Every line from the one containing "Απόμακρο σύστημα πλανητών" through the end of the listing below goes in the output, exactly and without pictures.

| DATA EXCERPT |
* * * * * * *
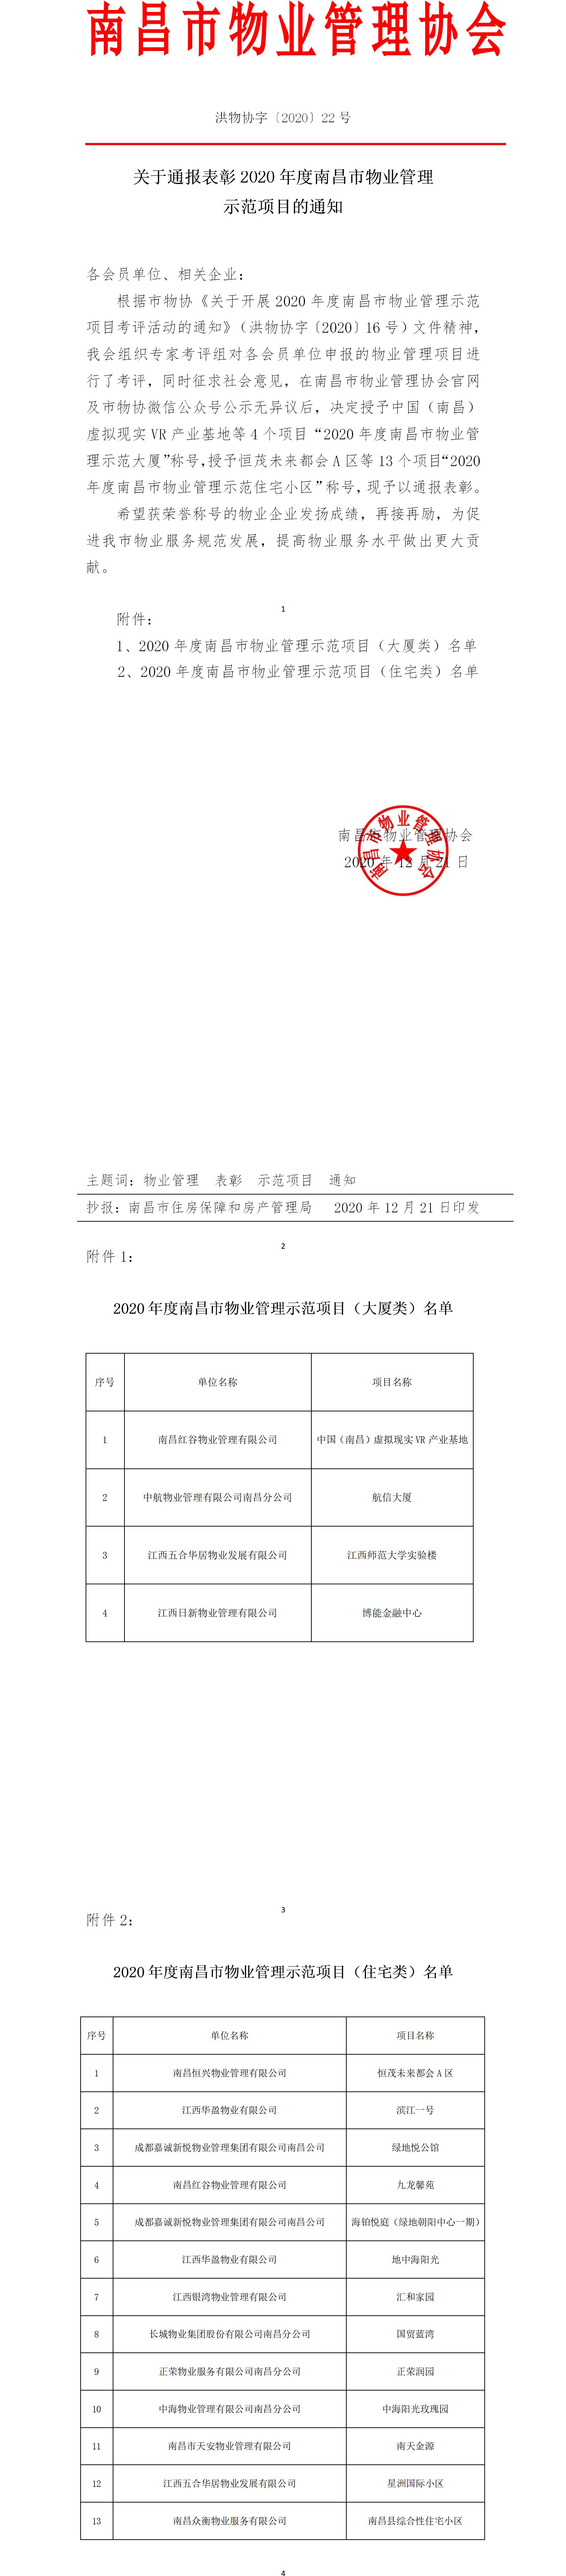 洪物协字[2020]22号关于通报表彰2020年度南昌市物业管理示范项目的通知.png
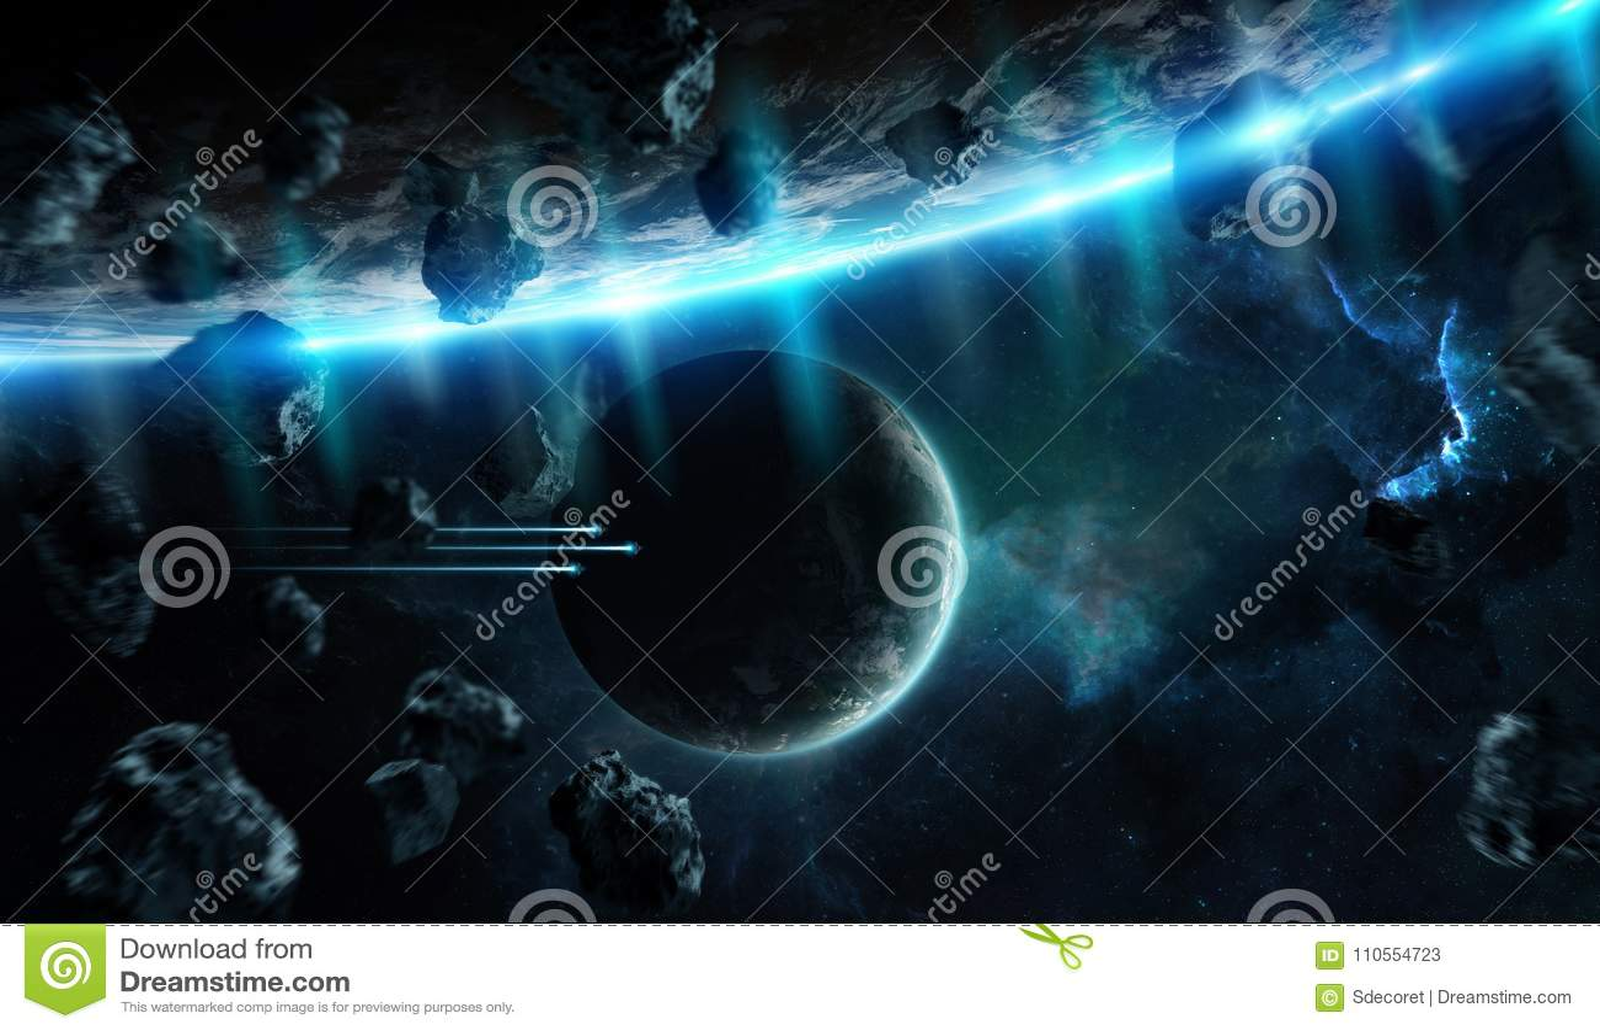 Απόμακρο σύστημα πλανητών στο διάστημα με την τρισδιάστατη απόδοση exoplanets elem
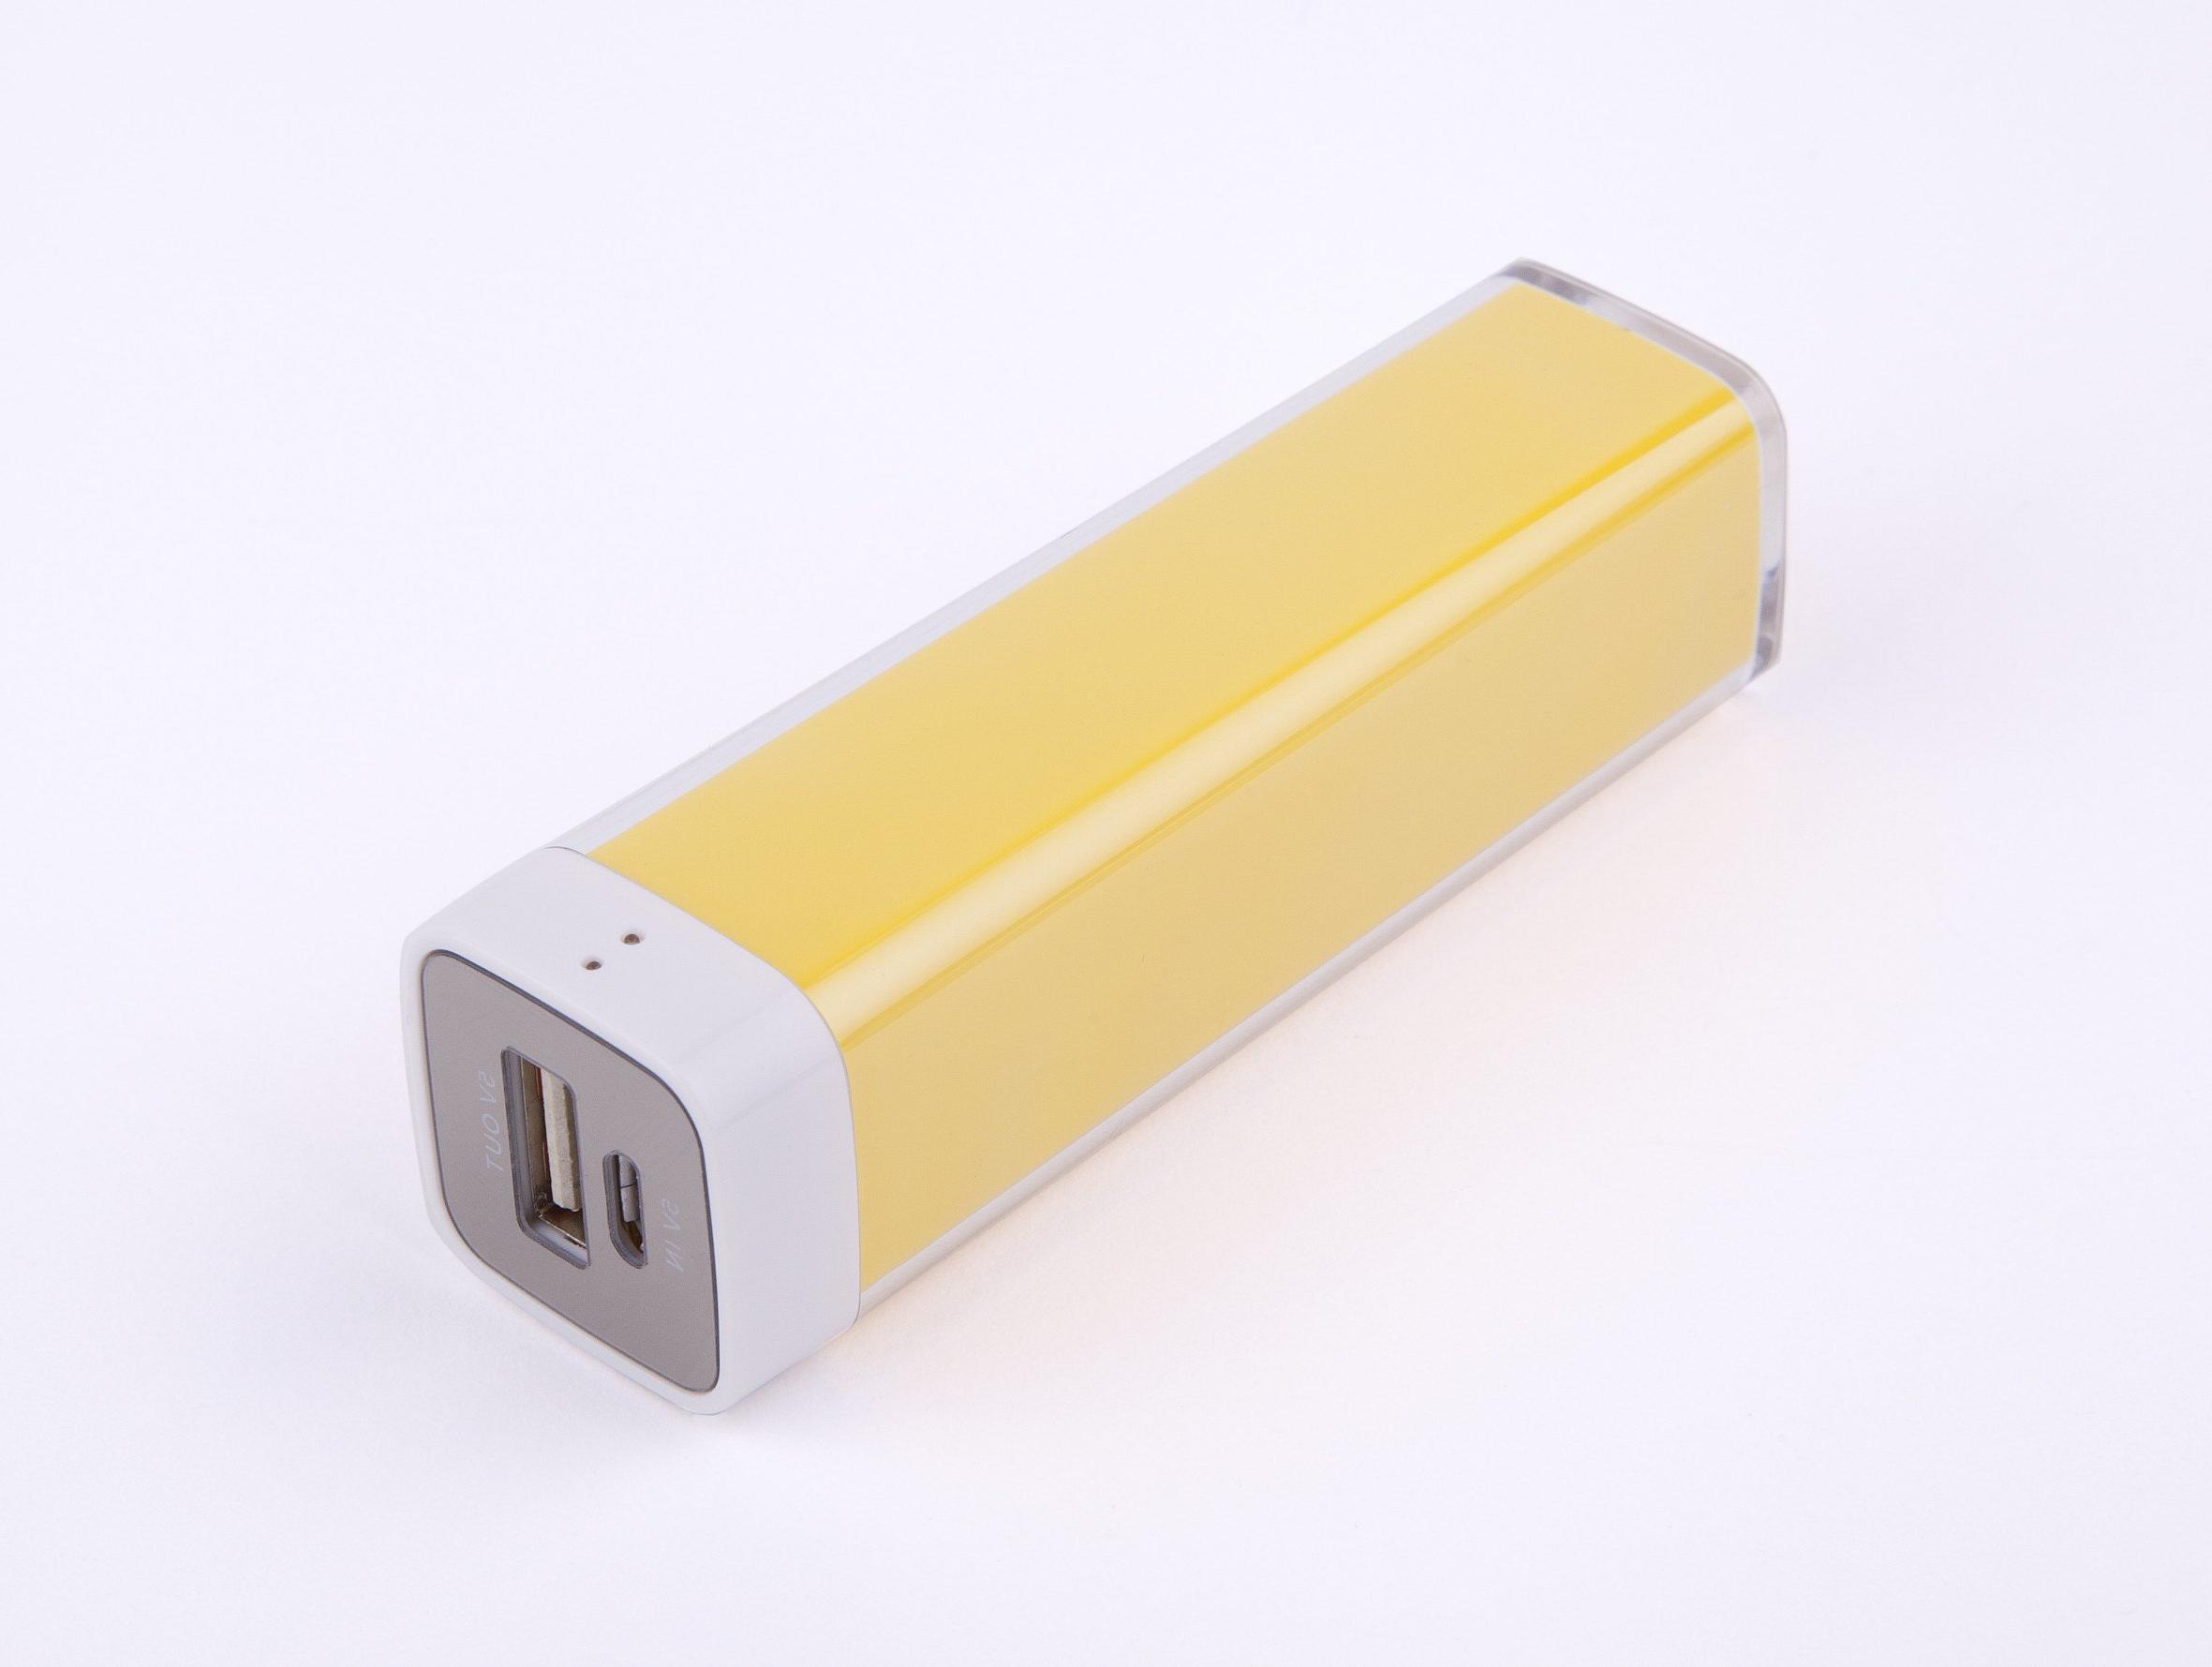 Bateria Portatil Movil X8d1 Bateria Externa Portatil Para Movil Mpmobile Mplipstk Am Amarilla
* * * * * * *
| OUTPUT OF THE TASK |
 Απόμακρο σύστημα πλανητών στο διάστημα με την τρισδιάστατη απόδοση exoplanets elem
 Bateria Portatil Movil X8d1 Bateria Externa Portatil Para Movil Mpmobile Mplipstk Am Amarilla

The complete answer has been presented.